We will build a Spike and Slab model, a Bayesian approach that allows
for variable selection by assuming a mixture of two distributions for
the prior distribution of the regression coefficients: a point mass at
zero (the “spike”) and a continuous distribution centered around zero
(the “slab”). The model assumes that each coefficient $\beta_j$ has a
corresponding indicator variable $\delta_j$ that takes a value of either
0 or 1, indicating whether the variable is included in the model or not.
The prior distribution of the indicator variables is a Bernoulli
distribution, with a parameter $\theta$ that controls the sparsity of
the model.
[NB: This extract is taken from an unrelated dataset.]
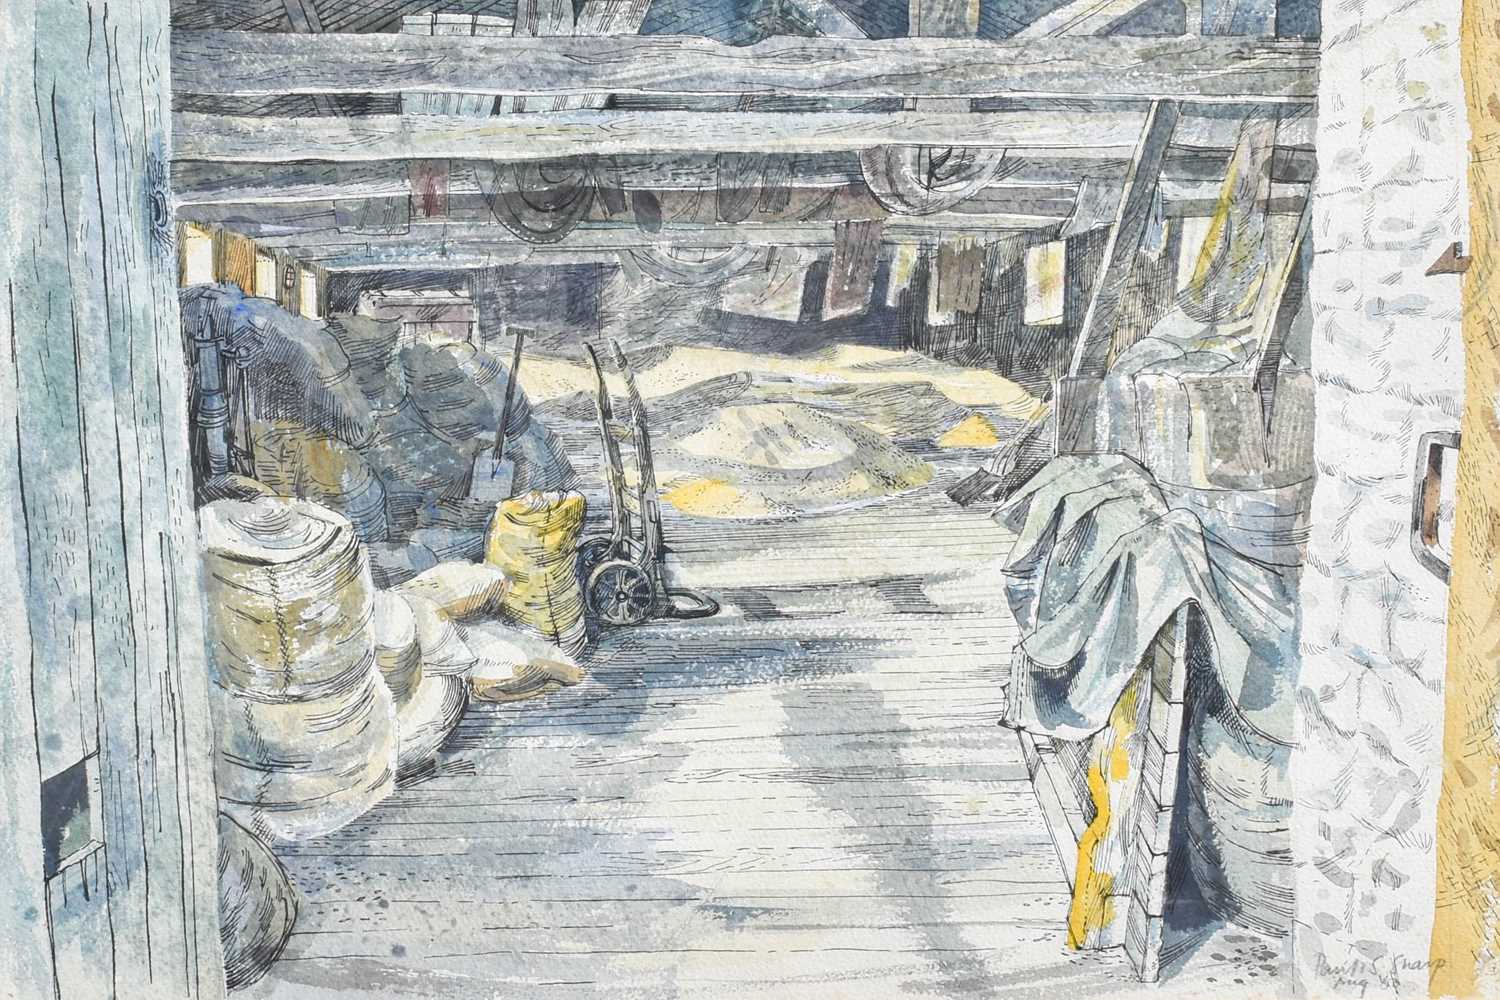 Paul S Sharp (20th Century) The storeroom Signed and dated August (19)88, pen and watercolour, 34.

When the parameter is close to 1, the model is more likely to
include all variables, while when it is close to 0, the model is more
likely to select only a few variables. In our case, we assign a Beta
hyperprior to $\theta$:

$$\begin{aligned}
\mathbf{y} &\sim \mathcal{N} \left( \mathbf{X}\boldsymbol{\beta}, \sigma^2 \mathbf{I} \right)\\
\boldsymbol{\beta}_j &\sim \mathcal{N}\left(0, (1 - \delta_j)\nu + \delta_j\tau^2_j / \sigma^2 \right)\\
\tau^2_j &\sim \mathcal{IG}(\text{a}_{\tau}, \text{b}_{\tau})\\
\delta_j &\sim\text{Bernoulli}(\theta)\\
\theta &\sim\text{Beta}(\text{a}_\theta, \text{b}_\theta)\\
\sigma^2 &\sim \mathcal{IG}(\text{a}_{\sigma^2}, \text{b}_{\sigma^2})
\end{aligned}.$$

where $\nu$ is a hyperparameter that we set to a fixed small value. That
way, when $\delta_j = 0$, the prior variance for $\beta_j$ is extremely
small, practically forcing it to be close to zero.

First, we generate the data. We use a model with four coefficients but
assume that only two variables are relevant, namely the first and the
third one.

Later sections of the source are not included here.